Get the **summary statistics**

The **describe** operation is use to calculate the summary statistics of numerical column(s) in a DataFrame. If we do not specify the name of columns it will calculate summary statistics for all numerical columns present in the DataFrame.

In [69]:
iris.describe().show()

+-------+------------------+-------------------+------------------+------------------+---------+
|summary|      sepal_length|        sepal_width|      petal_length|       petal_width|  species|
+-------+------------------+-------------------+------------------+------------------+---------+
|  count|               150|                150|               150|               150|      150|
|   mean| 5.843333333333335| 3.0540000000000007|3.7586666666666693|1.1986666666666672|     null|
| stddev|0.8280661279778637|0.43359431136217375| 1.764420419952262|0.7631607417008414|     null|
|    min|               4.3|                2.0|               1.0|               0.1|   setosa|
|    max|               7.9|                4.4|               6.9|               2.5|virginica|
+-------+------------------+-------------------+------------------+------------------+---------+



> The **describe** operation works only for numerical features, that is, we must find another way to compute the frequency of **categorical features**.
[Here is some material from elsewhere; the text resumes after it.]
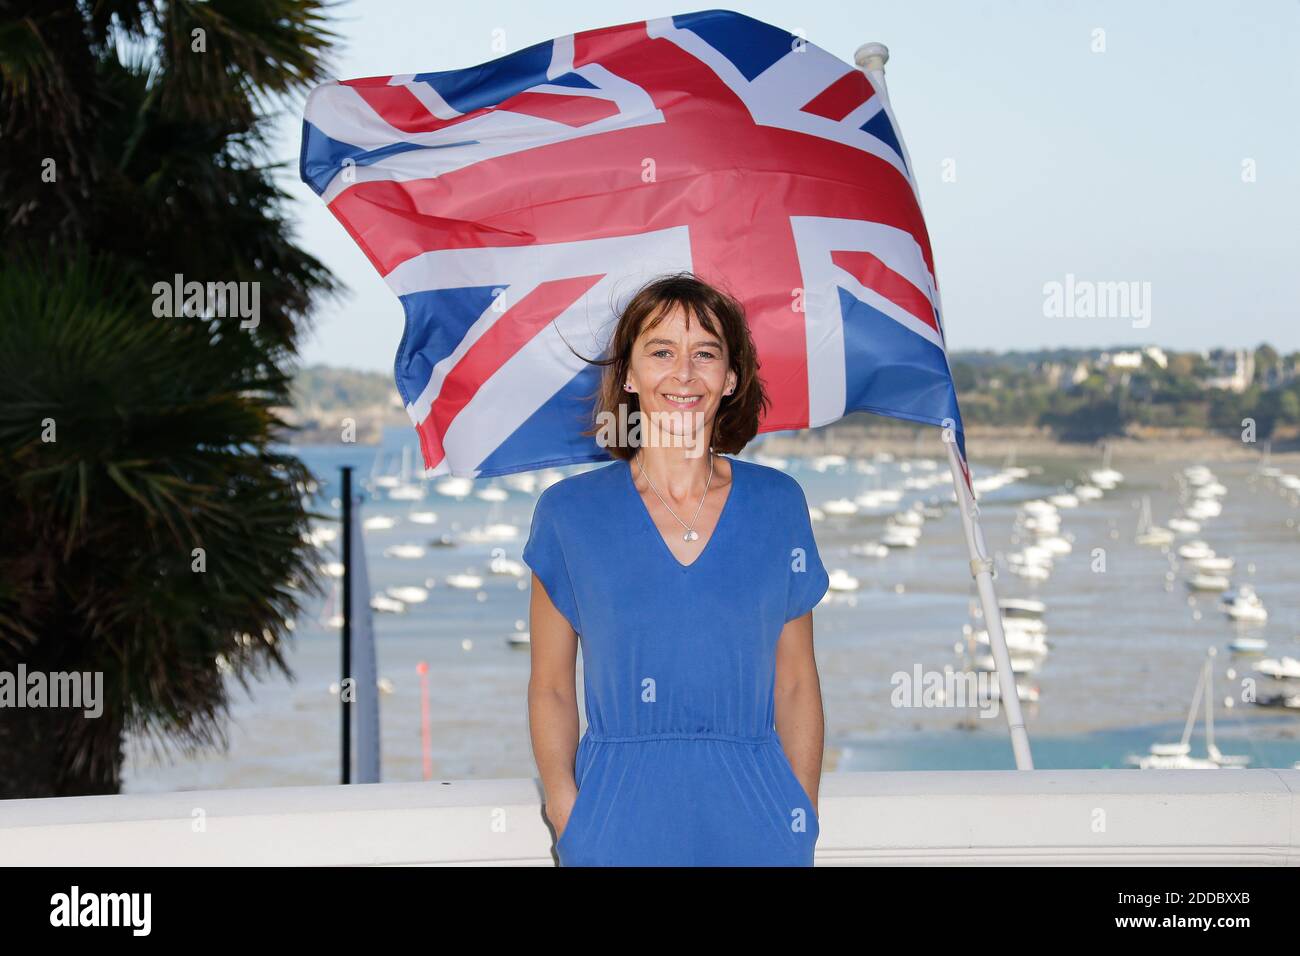 Kate Dickie during the 29th edition of Dinard Film Festival on September 28, 2018 in Dinard, France. Photo by Thibaud MORITZ ABACAPRESS.COM Stock Photo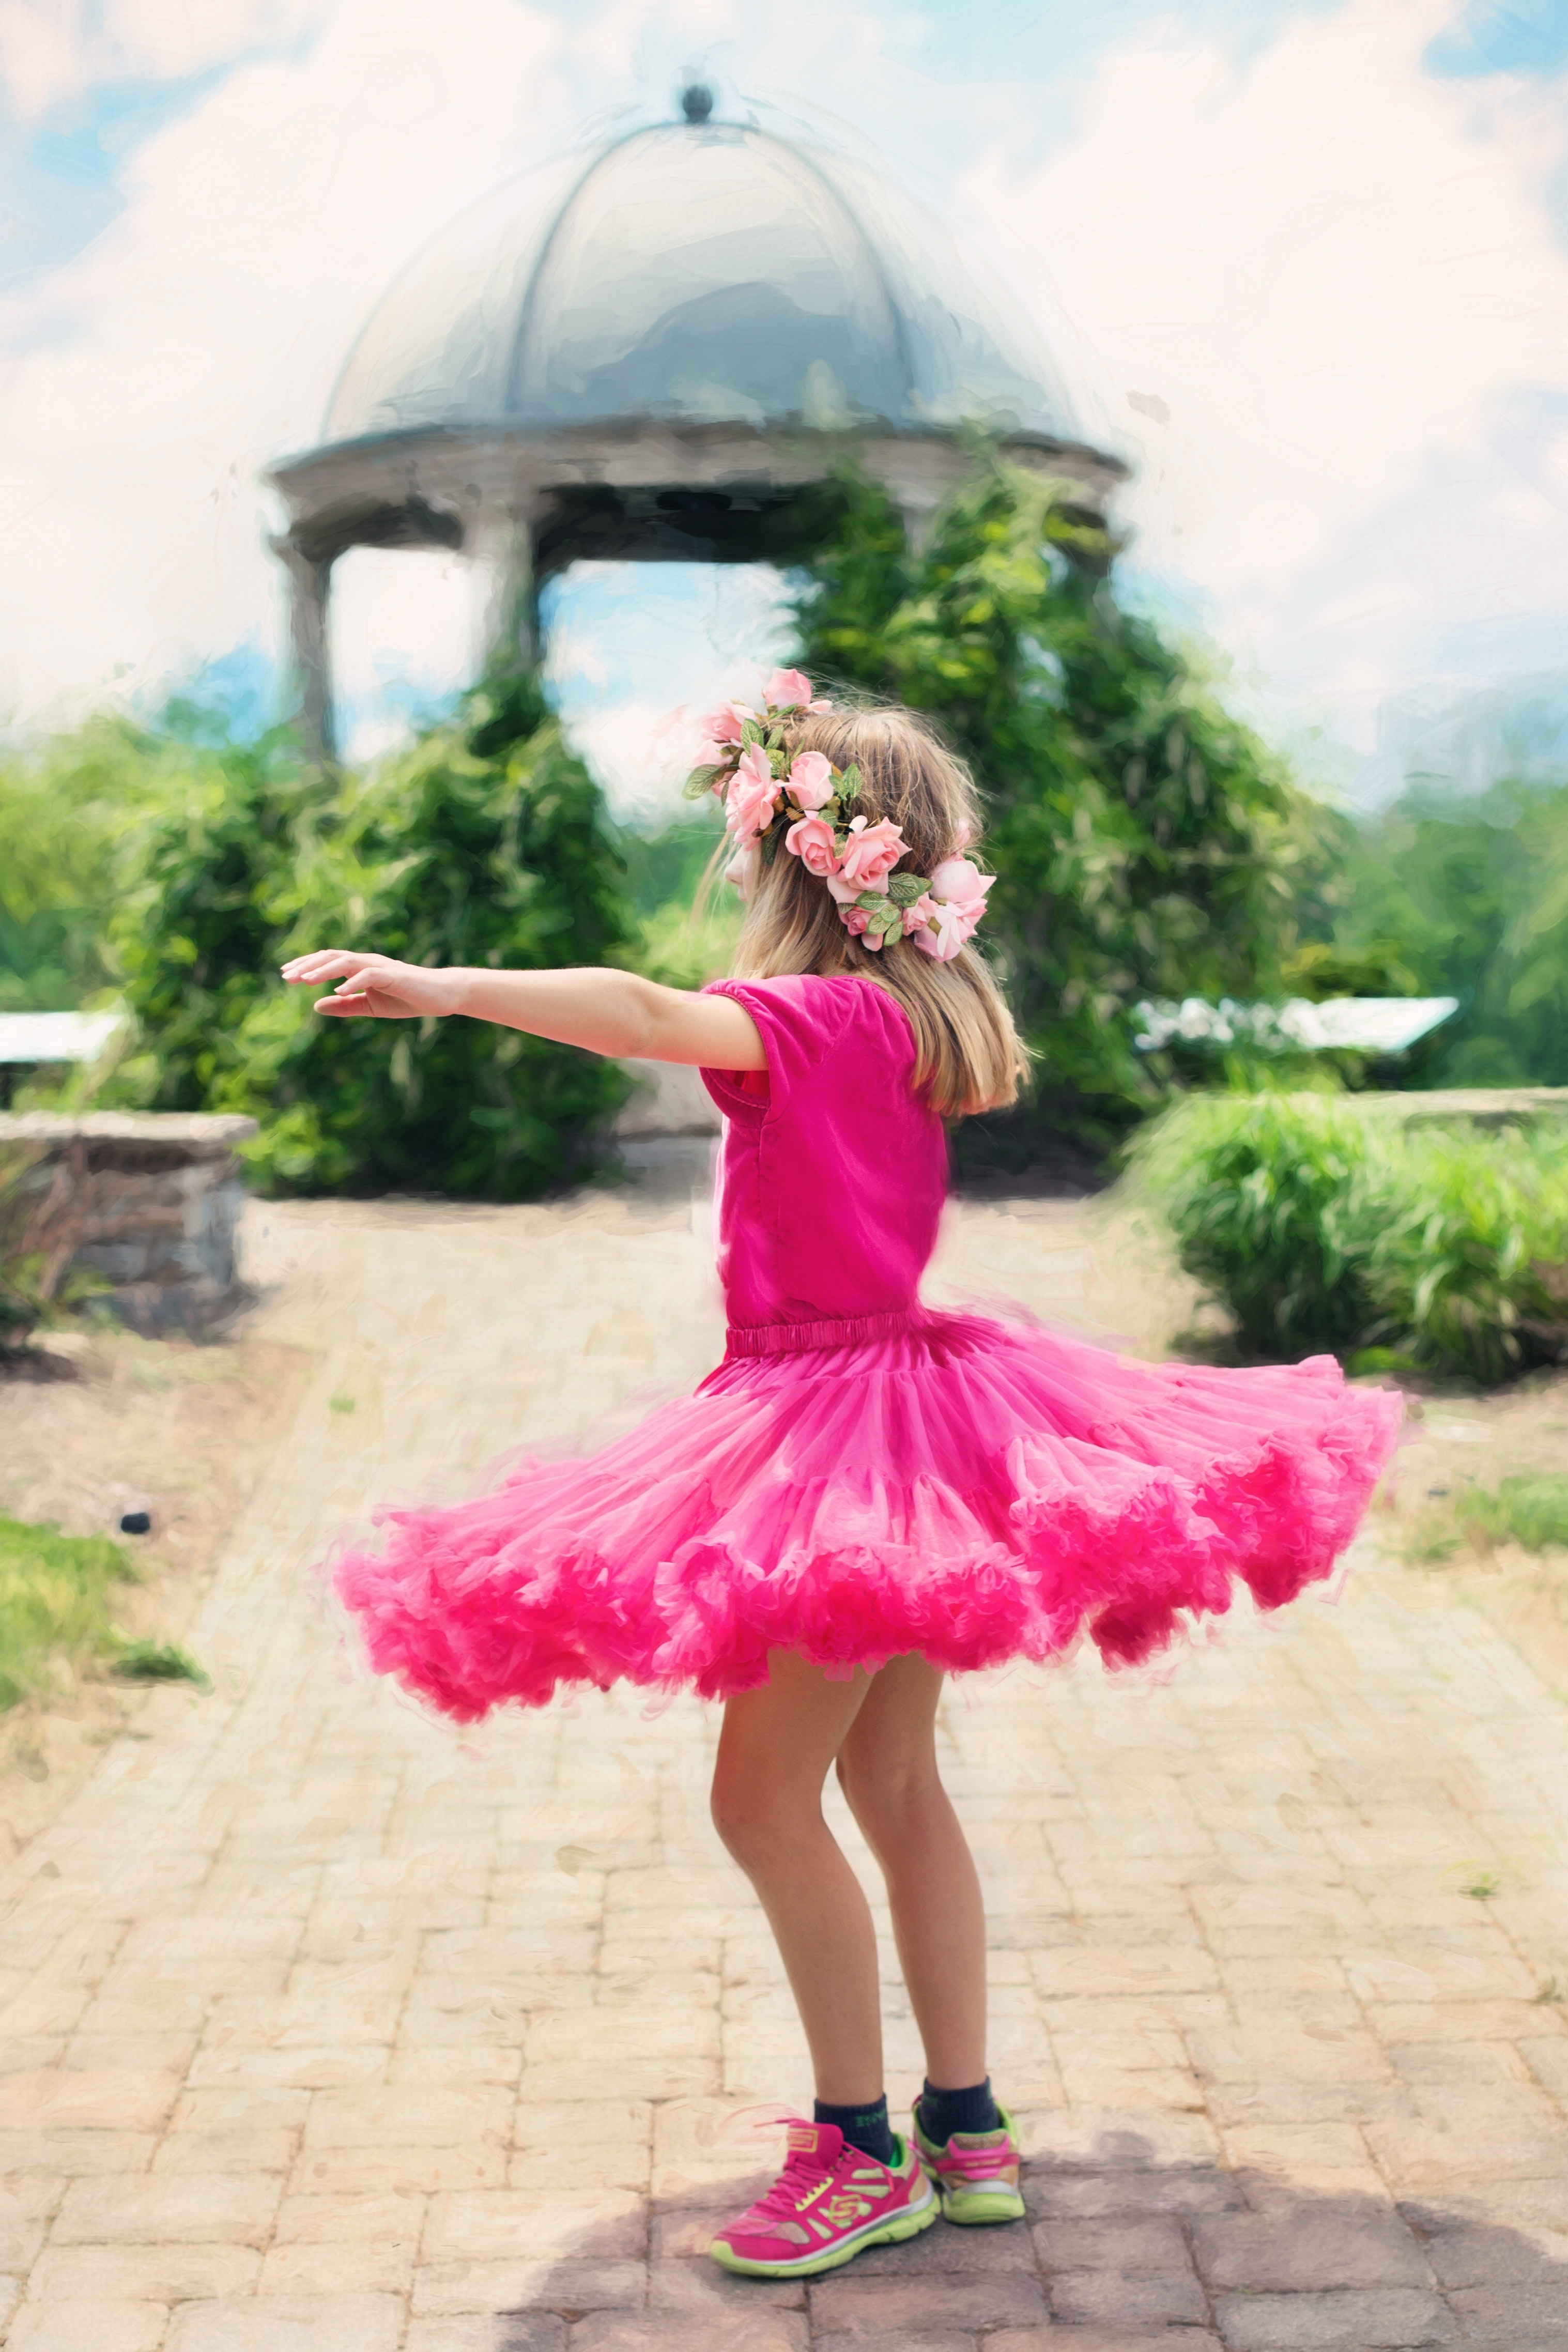 Free stock photo of dancing, little girl twirling, outdoors

Get the frequency of **categorical features** using **GroupBy**

In [76]:
iris.groupBy("species").count().show()

+----------+-----+
|   species|count|
+----------+-----+
| virginica|   50|
|versicolor|   50|
|    setosa|   50|
+----------+-----+



Running SQL **Queries**

We must register the DataFrame as a SQL temporary view in order to run SQL queries.

**createOrReplaceTempView** creates a new temporary view using a SparkDataFrame in the Spark Session. If a temporary view with the same name already exists, it will be replaced.

In [77]:
iris.createOrReplaceTempView("iris")

*Example of query 01 : All data*

In [78]:
spark.sql("SELECT * FROM iris").show(5)

+------------+-----------+------------+-----------+-------+
|sepal_length|sepal_width|petal_length|petal_width|species|
+------------+-----------+------------+-----------+-------+
|         5.1|        3.5|         1.4|        0.2| setosa|
|         4.9|        3.0|         1.4|        0.2| setosa|
|         4.7|        3.2|         1.3|        0.2| setosa|
|         4.6|        3.1|         1.5|        0.2| setosa|
|         5.0|        3.6|         1.4|        0.2| setosa|
+------------+-----------+------------+-----------+-------+
only showing top 5 rows



*Example of query 02 : Where*

In [79]:
query = """
SELECT *
FROM iris
WHERE sepal_length <= 4.6
"""

spark.sql(query).show(5)

+------------+-----------+------------+-----------+-------+
|sepal_length|sepal_width|petal_length|petal_width|species|
+------------+-----------+------------+-----------+-------+
|         4.6|        3.1|         1.5|        0.2| setosa|
|         4.6|        3.4|         1.4|        0.3| setosa|
|         4.4|        2.9|         1.4|        0.2| setosa|
|         4.3|        3.0|         1.1|        0.1| setosa|
|         4.6|        3.6|         1.0|        0.2| setosa|
+------------+-----------+------------+-----------+-------+
only showing top 5 rows



*Example of query 03 : startswith / endswith*

In [82]:
iris.select("sepal_length", "petal_length", "species",
            F.col("species").startswith("se").alias("ca_eval")).filter(F.col("ca_eval") == "true").show(5)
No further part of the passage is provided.